🤖 AI Summary
This work addresses the limited adaptability of AI models to hardware design automation and security verification. We systematically survey attention-based mechanisms—including large language models (LLMs) and graph attention networks (GATs)—applied to RTL generation, vulnerability detection, and chip floorplanning. For the first time, we comprehensively analyze 30 representative methods and propose the LLM-HDL co-design paradigm: a cross-disciplinary framework integrating IP reuse and formal security verification. Leveraging HDL-specific datasets and RTL-level automated code generation, we realize an end-to-end closed-loop design flow.
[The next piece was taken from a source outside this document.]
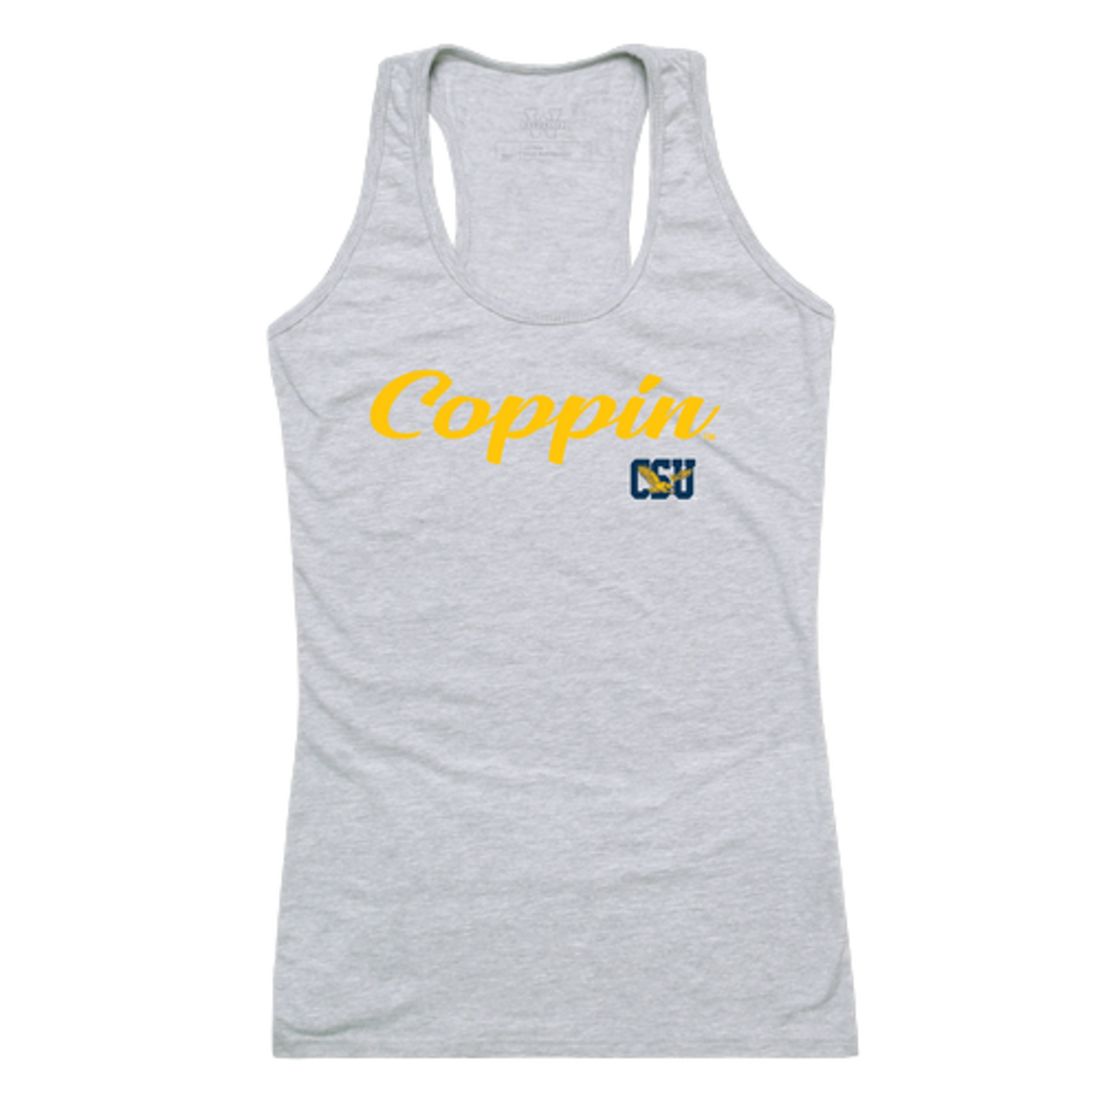 CSU Coppin State University Eagles Womens Script Tank Top T-Shirt-Campus-Wardrobe
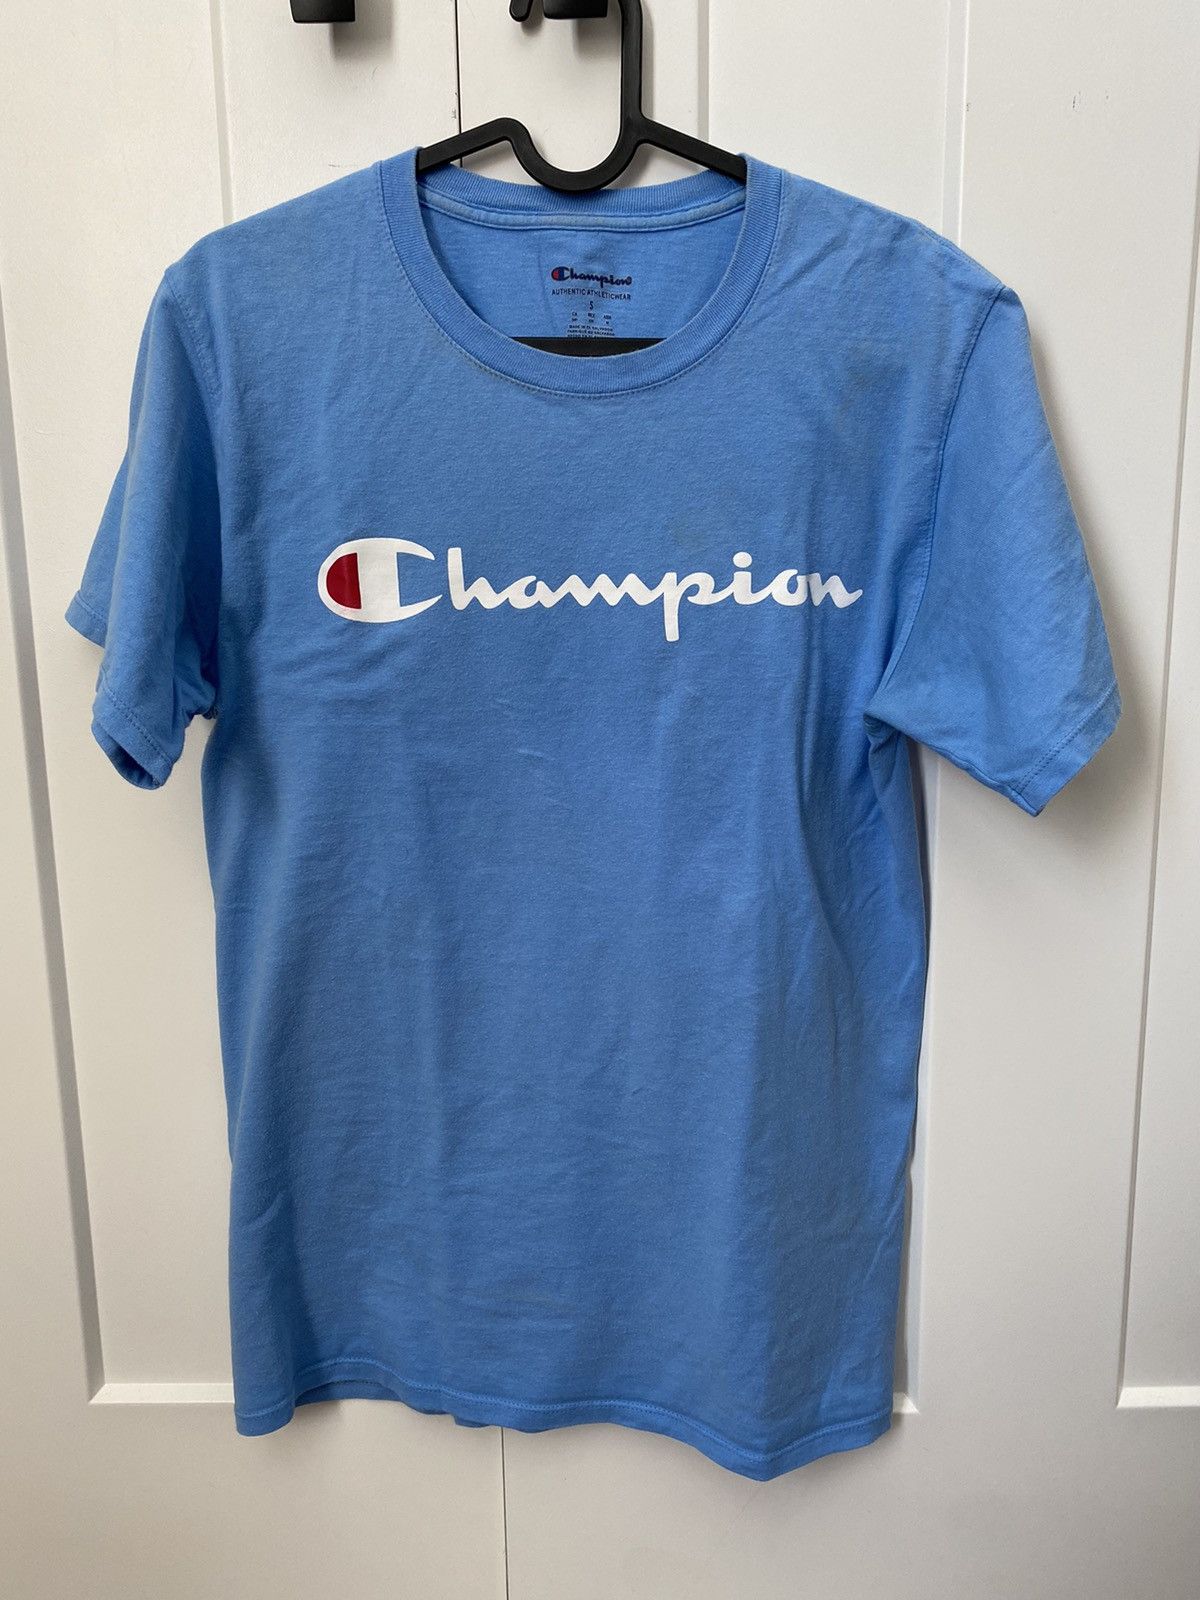 Champion Baby blue champion logo shirt | Grailed

Our study identifies critical bottlenecks—including model interpretability, hardware-semantic alignment, and industrial deployment feasibility—and establishes a scalable, LLM-driven hardware design framework with a concrete roadmap for security enhancement. The framework bridges academic research and industrial practice, enabling rigorous, automated, and trustworthy hardware development.
📝 Abstract
Recent advances in attention-based artificial intelligence (AI) models have unlocked vast potential to automate digital hardware design while enhancing and strengthening security measures against various threats. This rapidly emerging field leverages Large Language Models (LLMs) to generate HDL code, identify vulnerabilities, and sometimes mitigate them. The state of the art in this design automation space utilizes optimized LLMs with HDL datasets, creating automated systems for register-transfer level (RTL) generation, verification, and debugging, and establishing LLM-driven design environments for streamlined logic designs. Additionally, attention-based models like graph attention have shown promise in chip design applications, including floorplanning. This survey investigates the integration of these models into hardware-related domains, emphasizing logic design and hardware security, with or without the use of IP libraries. This study explores the commercial and academic landscape, highlighting technical hurdles and future prospects for automating hardware design and security. Moreover, it provides new insights into the study of LLM-driven design systems, advances in hardware security mechanisms, and the impact of influential works on industry practices. Through the examination of 30 representative approaches and illustrative case studies, this paper underscores the transformative potential of attention-based models in revolutionizing hardware design while addressing the challenges that lie ahead in this interdisciplinary domain.